How do I add captions or descriptions to media items?

The media_items table includes a caption text column. In the UI, add a text input below the upload button (or in the lightbox view) that writes to that column via a Supabase update call. Mention caption editing explicitly in your prompt — otherwise the AI generates the column but no UI to edit it.
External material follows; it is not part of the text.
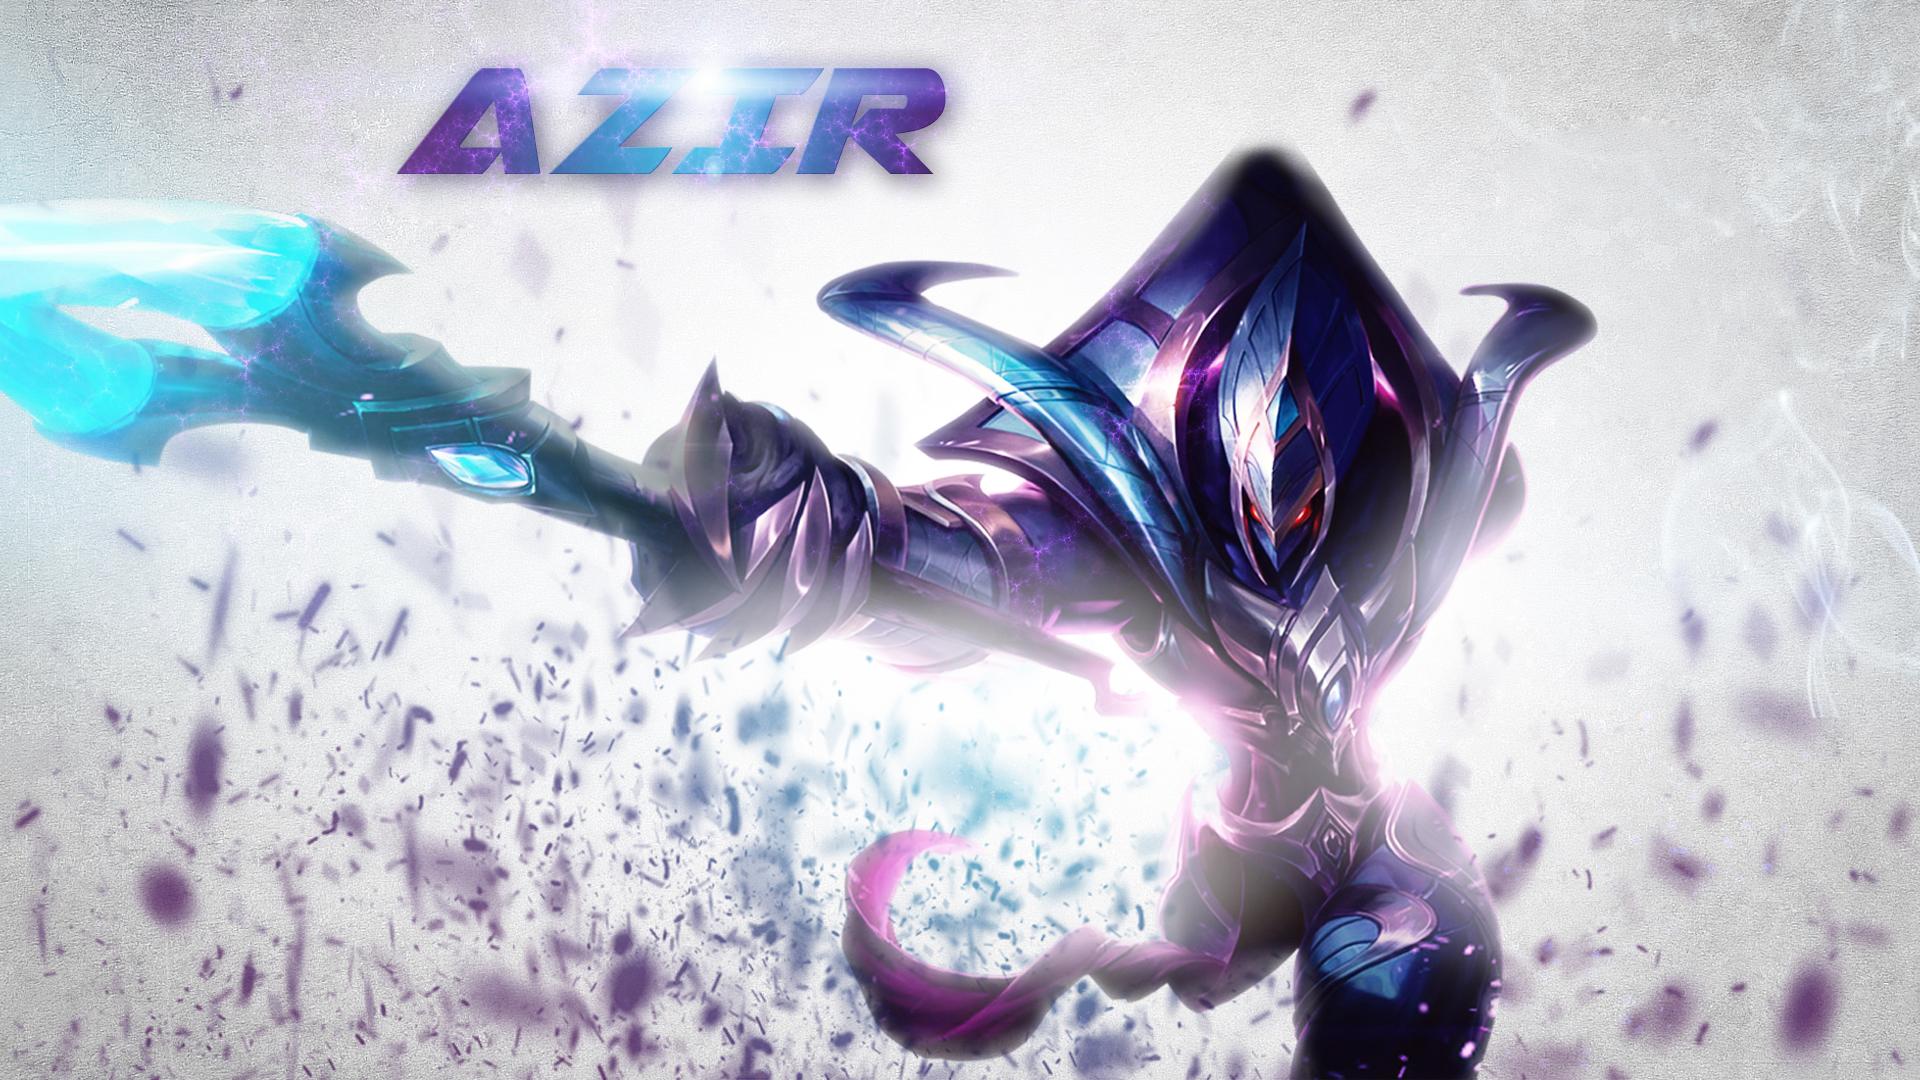 Galactic Azir wallpaper

Can I add search or filter to the gallery?

Yes — filtering by mime_type (photos vs videos), date range, or keyword search on caption are all Supabase query parameters. Add a filter bar above the grid and pass the selected filters to your Supabase .select().eq().ilike() chain. For full-text search across captions, enable the pg_trgm extension in Supabase and add a GIN index on the caption column.

How much storage will 1,000 active users consume?

Assuming each user uploads an average of 20 items at ~500 KB each (compressed phone photos), that is 10 GB — costing roughly $0.21/month in Supabase Storage fees. Video uploads change this significantly: 20 short videos at 5 MB each would be 100 GB, or about $2.10/month. Enforce file size limits early to keep this number predictable.

Can I generate automatic thumbnails for videos?

Supabase Storage's image transformation API only works on images, not video files. For video thumbnails, trigger a Supabase Edge Function on upload that uses ffmpeg (via a Deno subprocess or an external worker) to extract a frame at 1 second, uploads it as a JPEG to Storage, and writes the thumbnail_url back to the media_items row. Specify this in your prompt if you want AI tools to scaffold the Edge Function.